The theory of the Big Bang serves as the scientific creation myth of our culture. What does it have to do with God? How can it help us discover a spiritual dimension in our lives and recover a sense of wonder? In this talk with Scientists in Synagogues and Congregation Har HaShem, Daniel Matt will explore these questions, drawing on the insights of the Kabbalah as well as contemporary cosmology. He suggests several parallels between these two schools of thought, e.g., between what physicists call “broken symmetry” and what Kabbalah calls “the breaking of the vessels,” but his purpose is not to demonstrate that medieval kabbalists knew what scientists now know about the universe. Rather, he will show how we can appreciate each approach in light of the other and deepen our understanding of both.

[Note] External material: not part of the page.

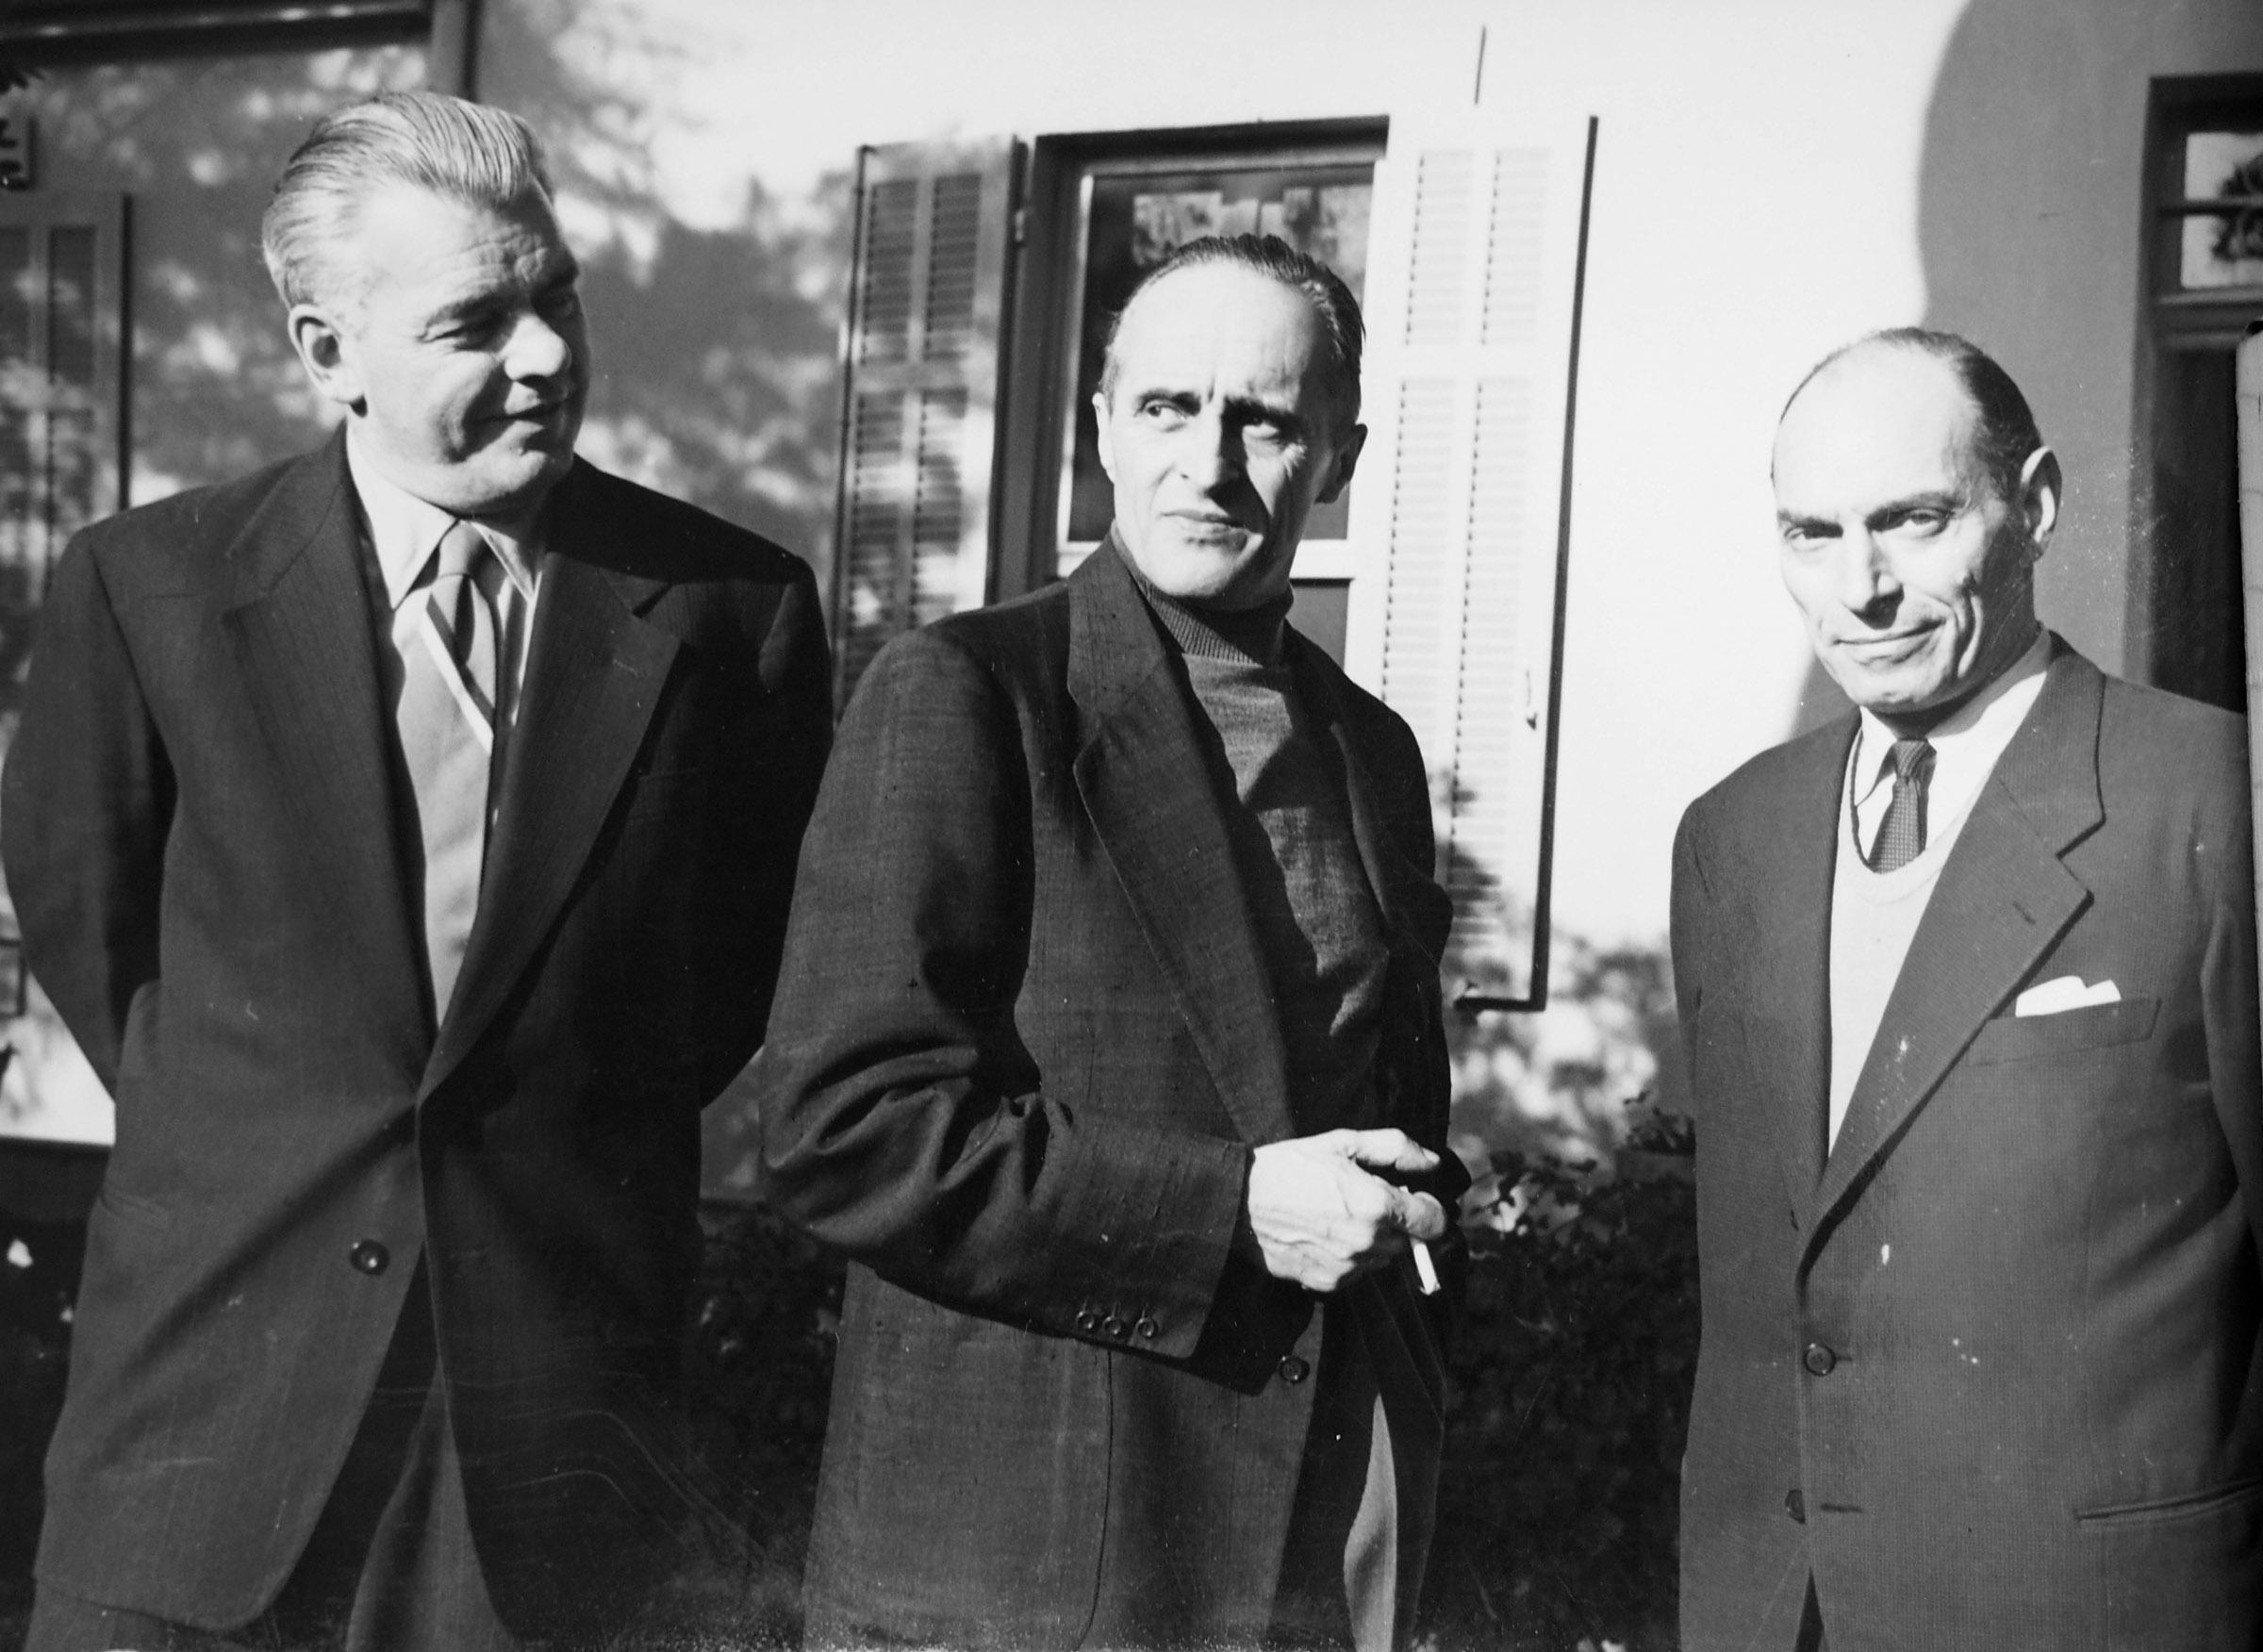 Экспонат #147. С Рене Клером и Юлием Райзманом. Франция. 1955 год

Daniel Matt is one of the world’s leading authorities on Kabbalistic texts, especially the Zohar. He taught at the Graduate Theological Union in Berkeley for twenty years. He has also taught at Stanford University and the Hebrew University of Jerusalem. He has published over a dozen books, including The Essential Kabbalah (translated into seven languages) and God and the Big Bang: Discovering Harmony between Science and Spirituality.
Recently Professor Matt completed an 18-year project of translating and annotating the Zohar, the masterpiece of Jewish mysticism. This work, consisting of nine volumes was published by Stanford University Press and is entitled The Zohar: Pritzker Edition. This annotated translation has been hailed as “a monumental contribution to the history of Jewish thought.”